Degelman lives in the hills of Hollywood with his companion on the road of life, four cats, assorted dogs, and a coterie of communard brothers and sisters.

Visit Author's Website



Characterizations: been there, moving, right on!, well written

Comments

  1. susanrubin says:

    How does this author make every story so heart stirring and still so clear in its progression? I would’ve cried if his father had not photographed those two final children waiting for their peso.

  2. Thanx Charles for your beautifully written story of your father’s photo and the two nameless sisters he captured in his lens.

    Lest we forget our connection to the other , especially in this current uncivil climate.

  3. Such a terrific piece! Your writing makes this feel cinematic. Isn’t it wonderful that a chance encounter so far from home could result in an amazing story and such a beautiful photo.

  4. Marian says:

    The photo is stunning, Charles, and what a precious item on so many levels. On a scientific note, you are right about the mycelia, as they proliferate under the soil and nourish the trees. There is a research group in South America that is exploring them because they are mysterious and little recognized.

    • Thanks, Marian. The photo is remarkable, even better when there’s not a reflection on the glass, but what’s an iPhone to do? And yes, there’s been a tremendous amount of excitement over the depth, complexity and significance of mycelia in recent years, moving beyond the realm of a few botanists. I highly recommend “Fantastic Fungi,” a documentary featuring the world of mycelia with Paul Stamets and other mytologists. It’s available on Netflix if you’re interested!

  5. Laurie Levy says:

    What a beautiful photo, holding so many precious memories for you of your father, his camera, developing pictures without knowing what treasures they may unearth. So glad you are now in possession of this photo. The expression of the girls is haunting.

  6. Betsy Pfau says:

    The photo contains magic; for those young girls, for your father who captured them and for you, who now owns the portrait and knows the story that connects them through all of time.

  7. A beautiful way to put it, Betsy, thanks. As I read your comment, I think the story is the most precious. It’s lasted as long as the photo!

  8. Suzy says:

    I am late in commenting, but I agree with what everyone else has said. Stunning photo, and the story of the children waiting to be photographed for pesos is the best part. The magic of not knowing what you have captured with your camera until it floats through the developer is something future generations will never experience.
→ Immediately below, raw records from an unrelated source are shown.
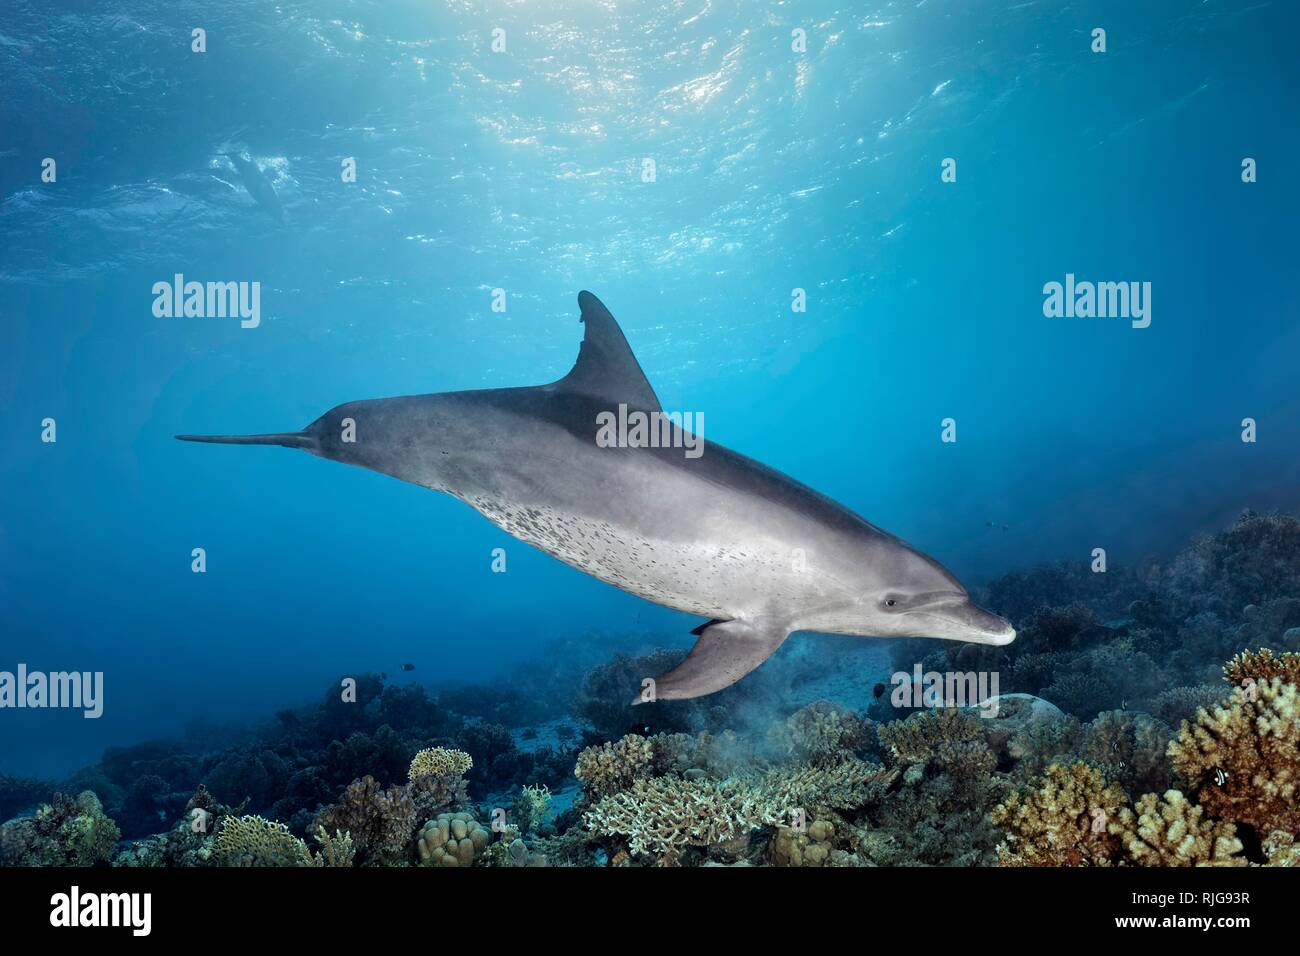 Il tursiope o delfino maggiore (Tursiops truncatus), femmina, nuota sotto la superficie dell'acqua nella luce del sole sulla barriera corallina, Mar Rosso, Egitto Foto Stock
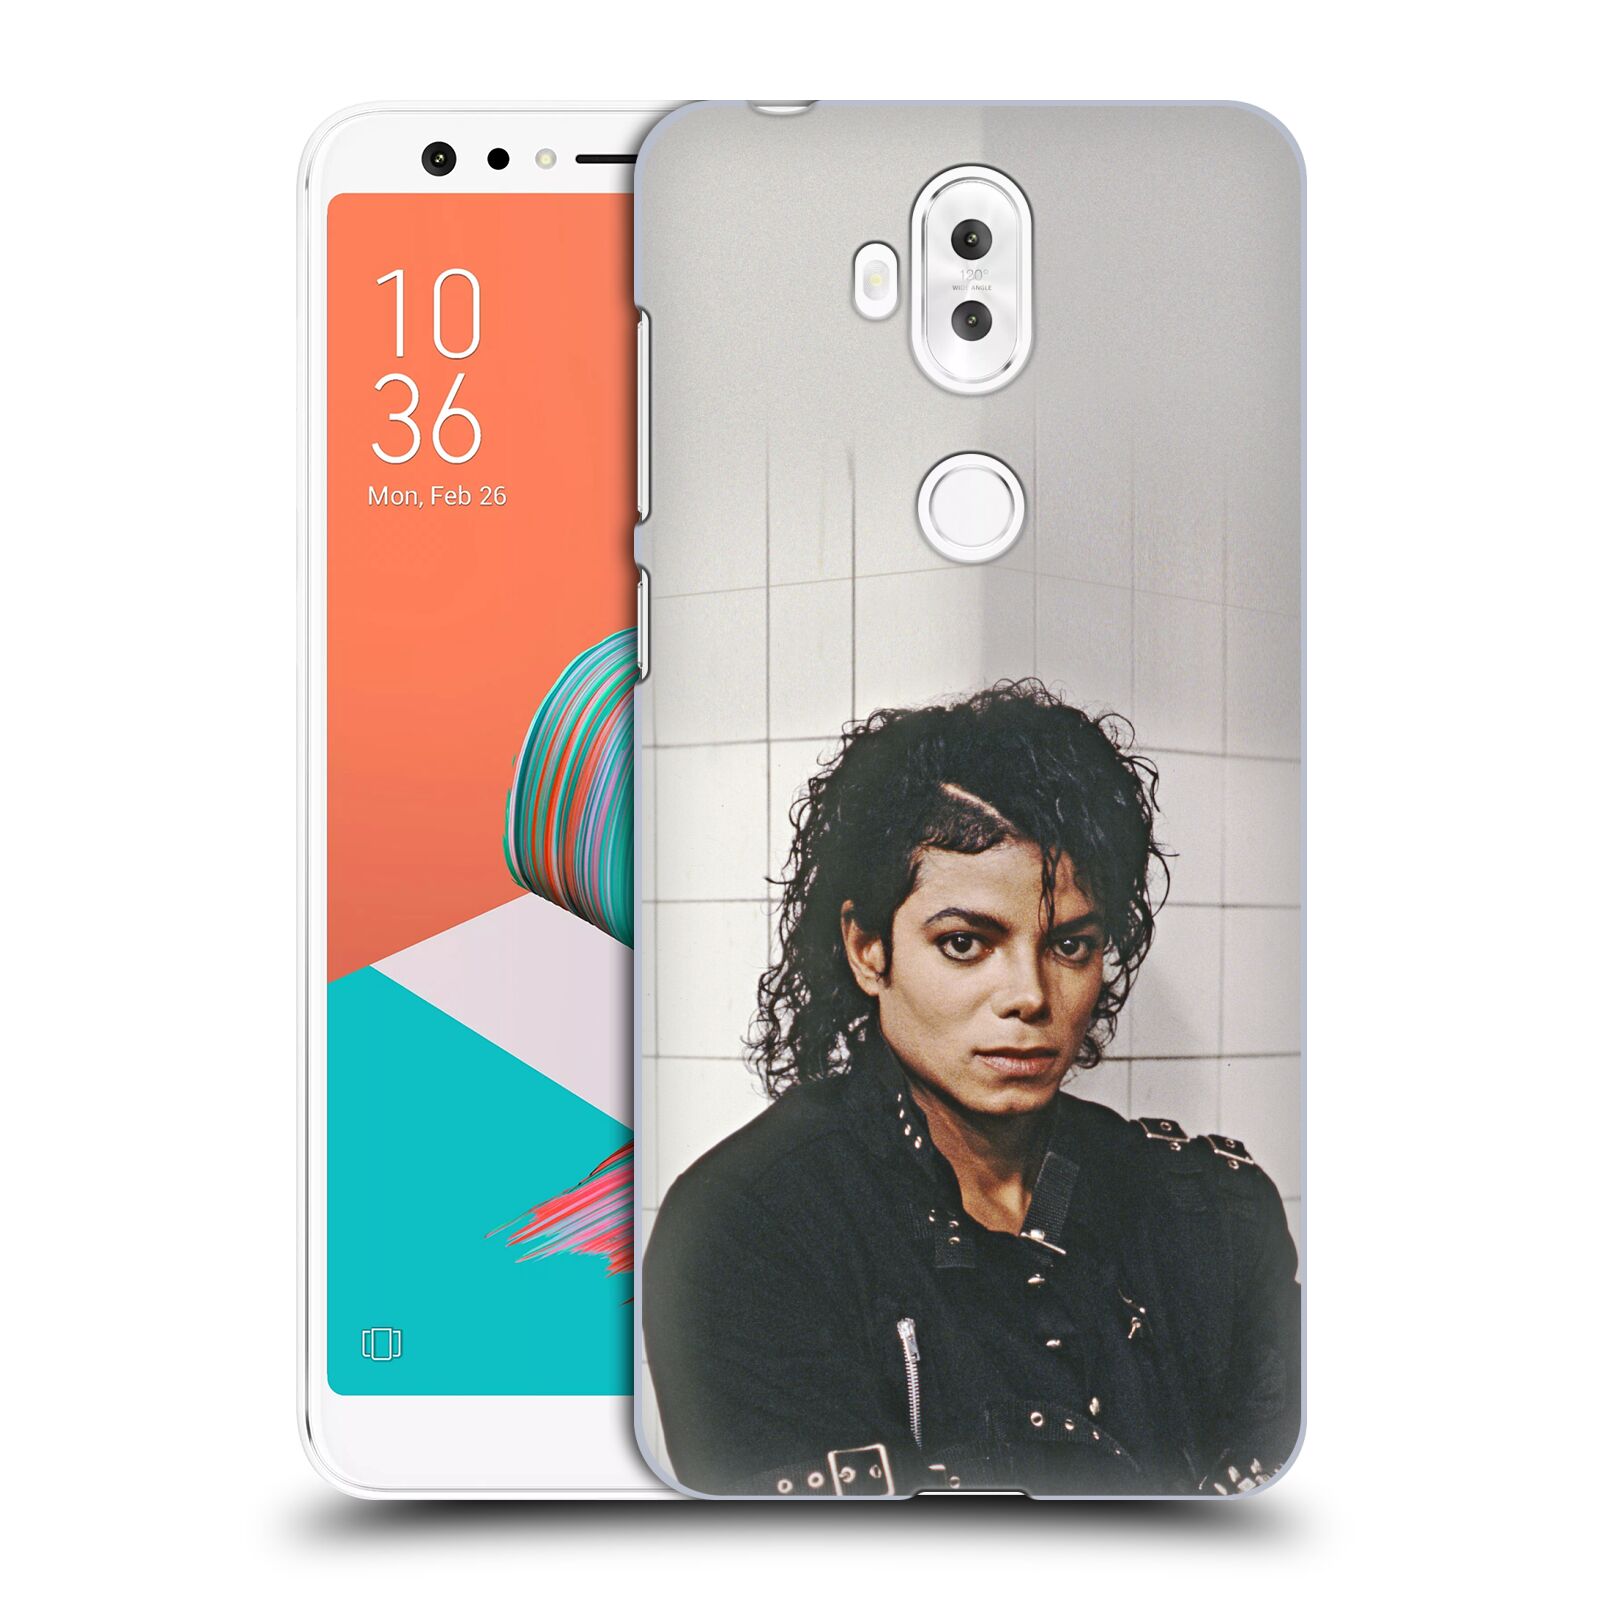 Zadní obal pro mobil Asus Zenfone 5 Lite ZC600KL - HEAD CASE - Zpěvák Michael Jackson - pohled
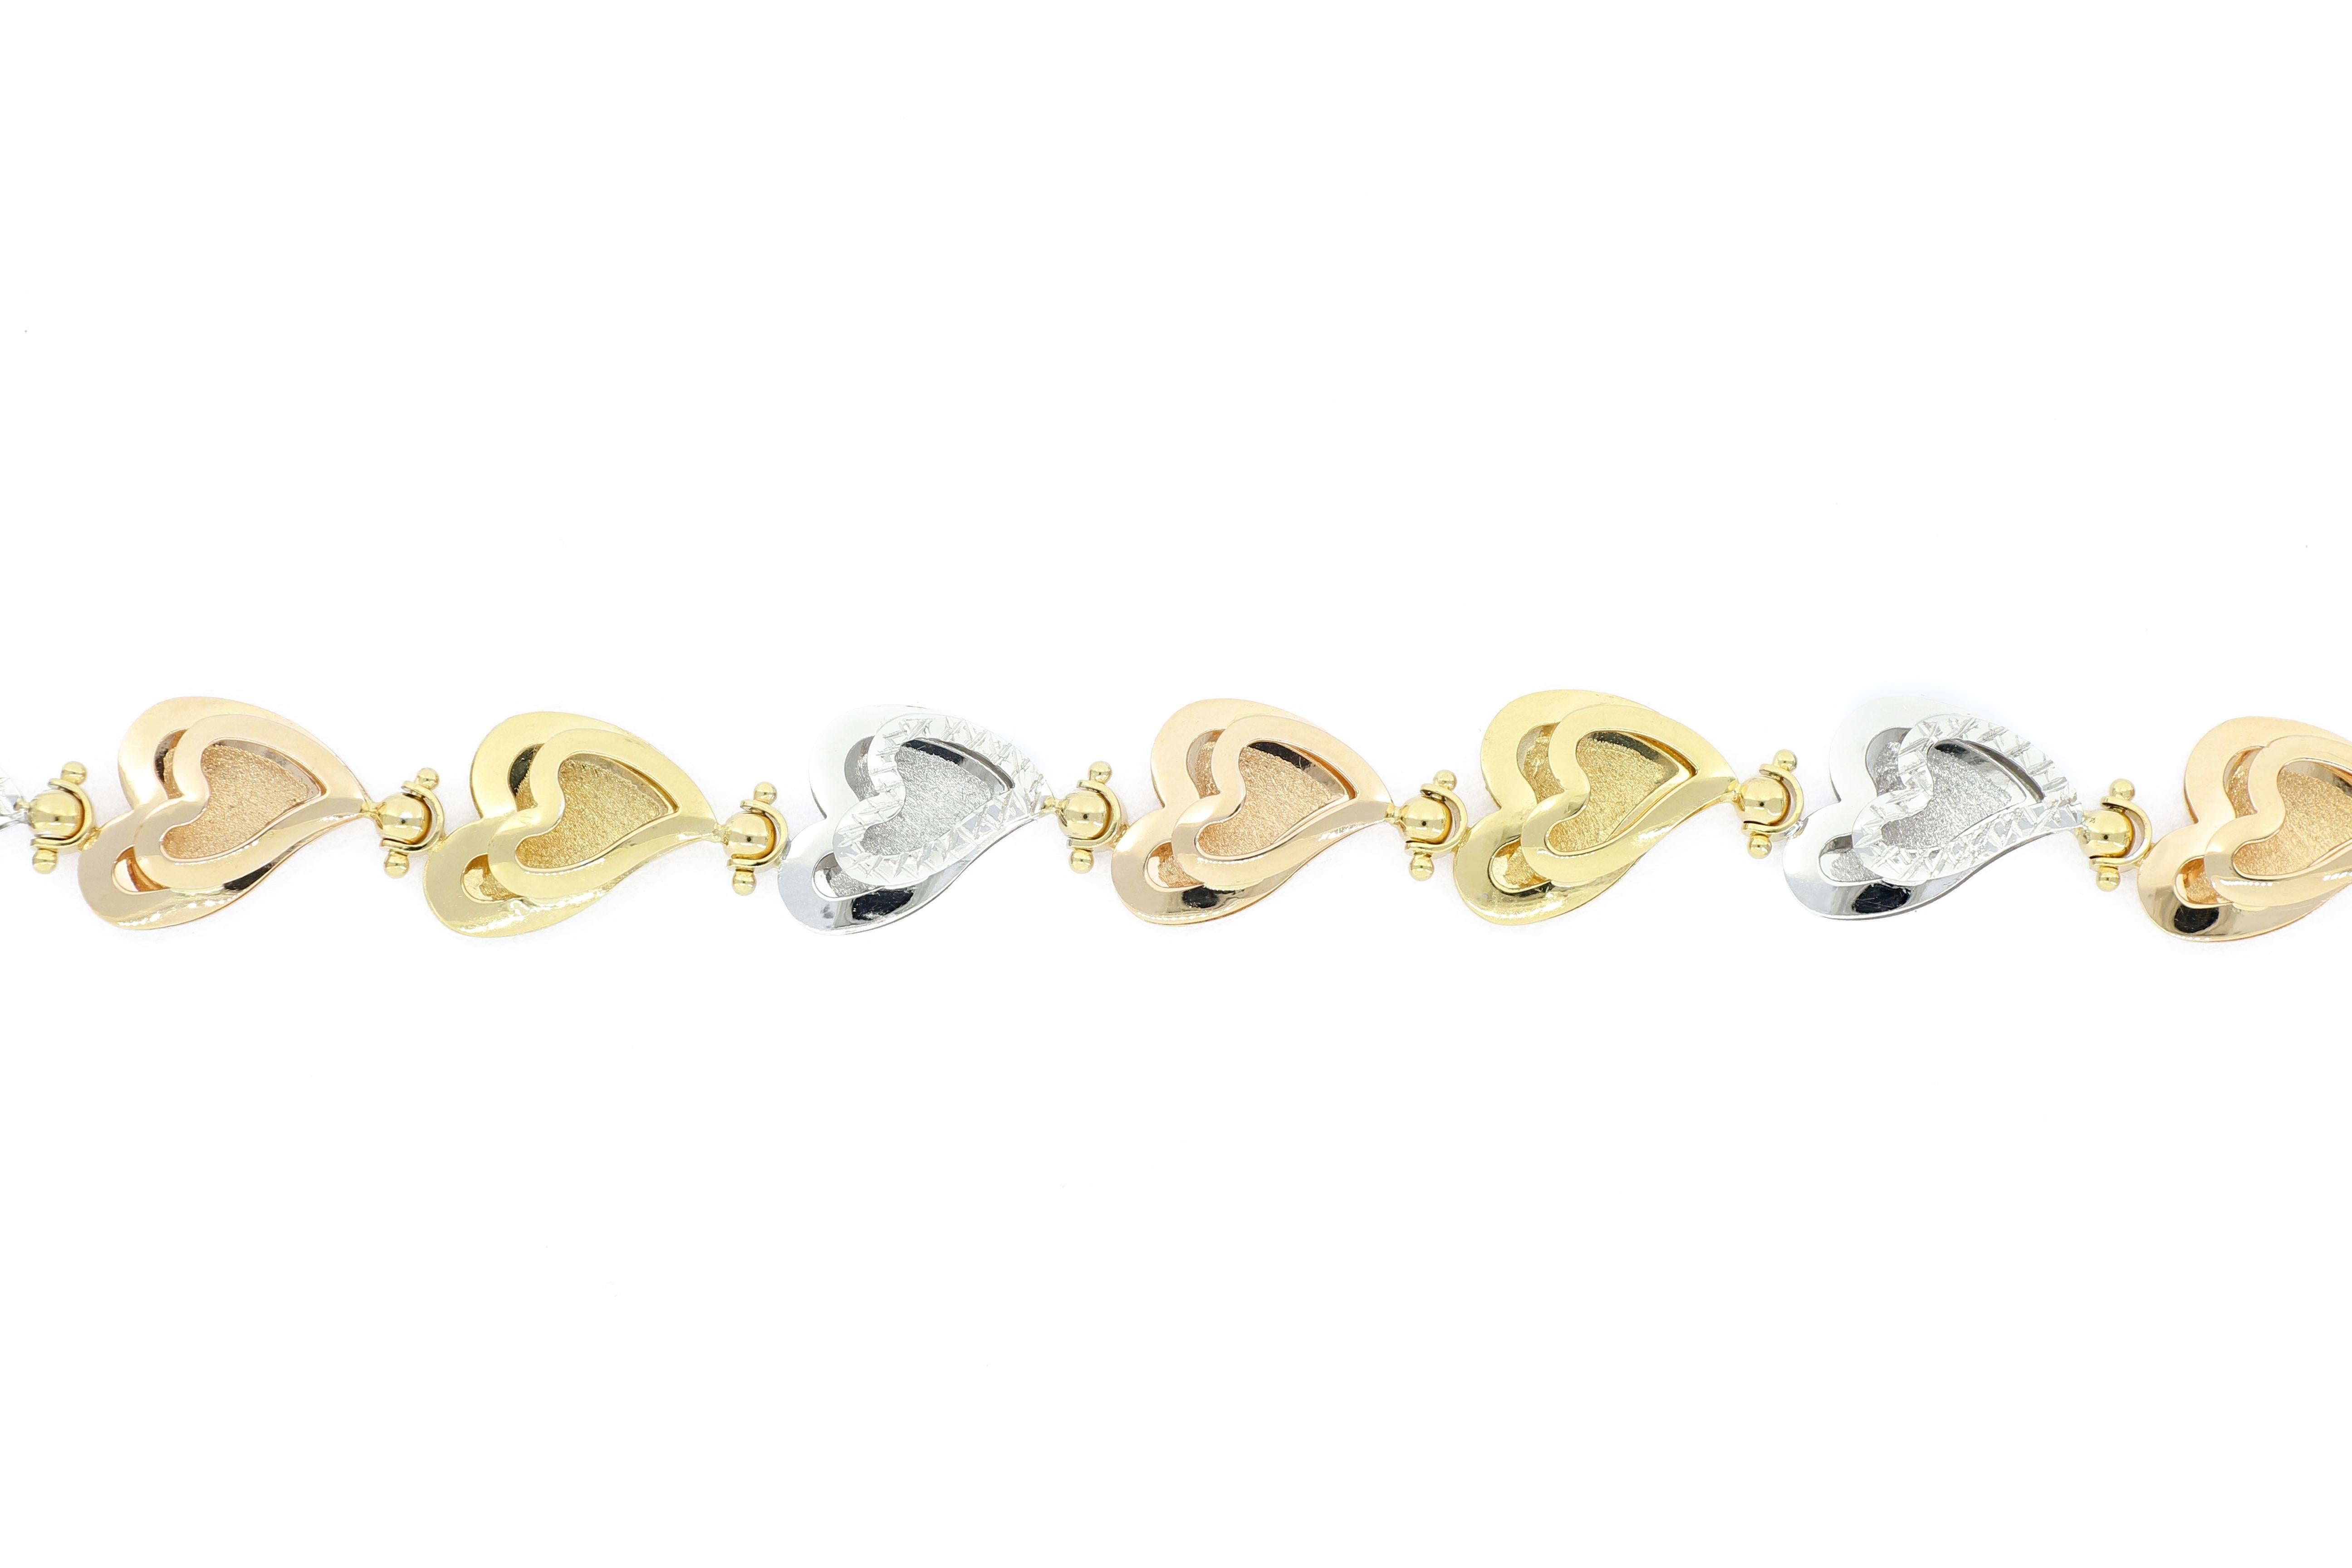 Ein stilvolles Armband aus 18 Karat Gold, entworfen und hergestellt in Italien. Dieses dreifarbige, schöne Armband mit herzförmigem Muster ist schlicht und elegant und passt zu verschiedenen Outfits.
Das Unternehmen wurde vor anderthalb

    • Never too late to hear from you, Suzy! The photo evokes very early memories of childhood attempts to decipher who those two people were. And yeah, that photo-developer magic, laborious though it was to set up the means of production (a darkroom), produced such magical interactions of light and chemistry and by six, I understood how it worked! Thanks to the old man!

  9. Khati Hendry says:

    That is indeed a remarkable photograph, capturing the desperation and poignancy of the moment. And knowing the story makes it that much more meaningful. I immediately thought of some of the Dorothea Lange photos from the Great Depression. A treasure indeed, and thanks for sharing it.